Section 6 Protocol

6.1 What is a protocol and why have one?

A systematic review protocol outlines why and how you are going to conduct your systematic review. It should include your research question, background and the systematic review methods that will be used, including plans for:

  • search strategy
  • inclusion and criteria
  • data extraction
  • quality assessment
  • data synthesis strategy
  • quantitative meta-analysis strategy (where applicable)

Having a pre-specified protocol improves the methodological transparency of your systematic review and reduces the risk of introducing bias. Publishing your protocol allows others to locate reviews in progress and enables future replication. The process of putting together your protocol often involves communication between a number of key stakeholders, you may want to discuss it with an advisory group, external experts, or your funders.

6.2 Protocol templates

We strongly recommend using a protocol template to ensure you have covered all the important information in your protocol.

SYRCLE (SYstematic Review Centre for Laboratory animal Experimentation) have developed a protocol template tailored to the preparation, registration and publication of systematic reviews of animal intervention studies. See the template and publication here.

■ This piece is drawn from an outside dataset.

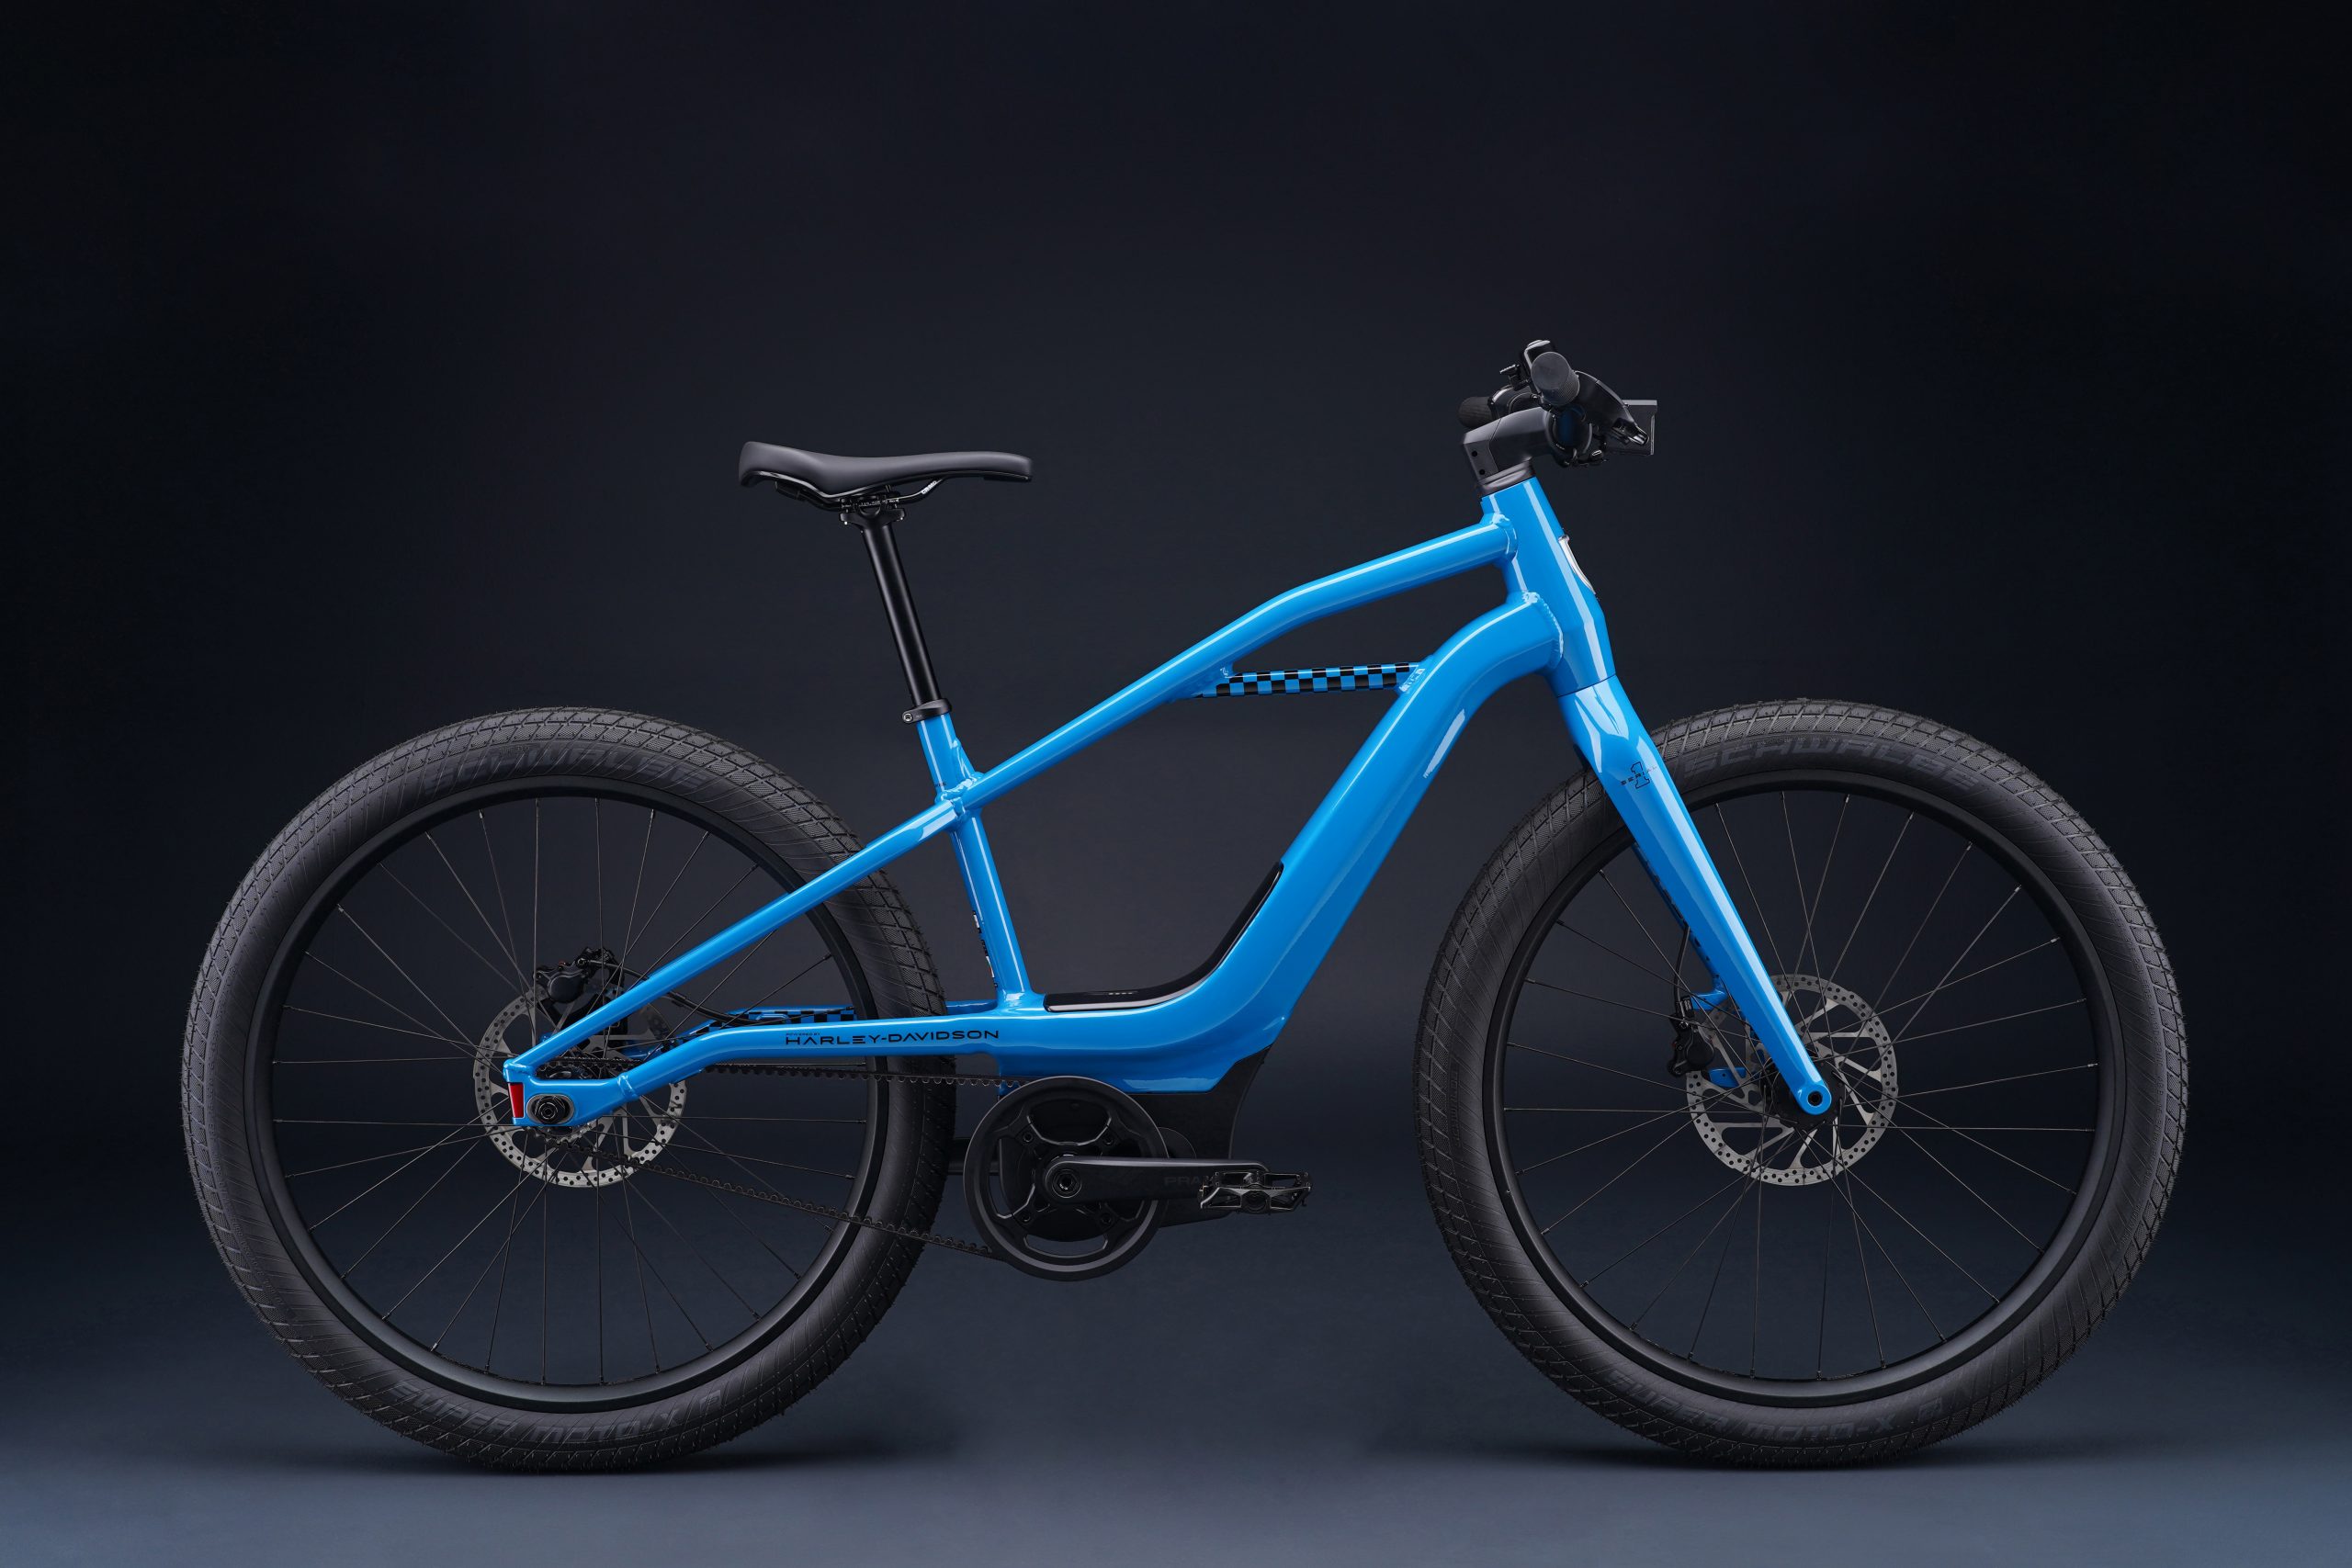 SERIAL 1, Powered by Harley-Davidson, Launches Second-Generation /CTY ebikes with Google Cloud Connectivity

It may be useful to look through examples of previously published protocols from PROSPERO for Animals while you formulate your protocol. You can also use PROSPERO to check that no systematic reviews on your research question are currently underway. For examples of SYRCLE protocol templates, see the SyRF Protocol Registry while you formulate your protocol. Please note that the SyRF Protocol Registry is no longer accepting new protocol submissions. Please use PROSPERO.

6.3 Register your protocol

Making the protocol for your systematic review available to the community has a number of benefits:

  • it provides evidence that prespecified analyses were indeed prespecified;
  • allows others to comment on your approach; provides examples for others planning such reviews;
  • and can help you identify if other reviews in similar areas are already in progress.


PROSPERO: The Centre for Reviews and Dissemination at University of York now publish Preclinical Systematic Review Protocols. You can search published protocols by title, date, contact person or institution. For more information on registering at PROSPERO, see their website here.

OSF: You can preregister your systematic review project on the Open Science Framework here.


6.3.1 Your protocol & 3Rs

We recommend that you include a statement in your protocol outlining how your research will impact the 3Rs (Replacement, Reduction and Refinement) in animal use in research.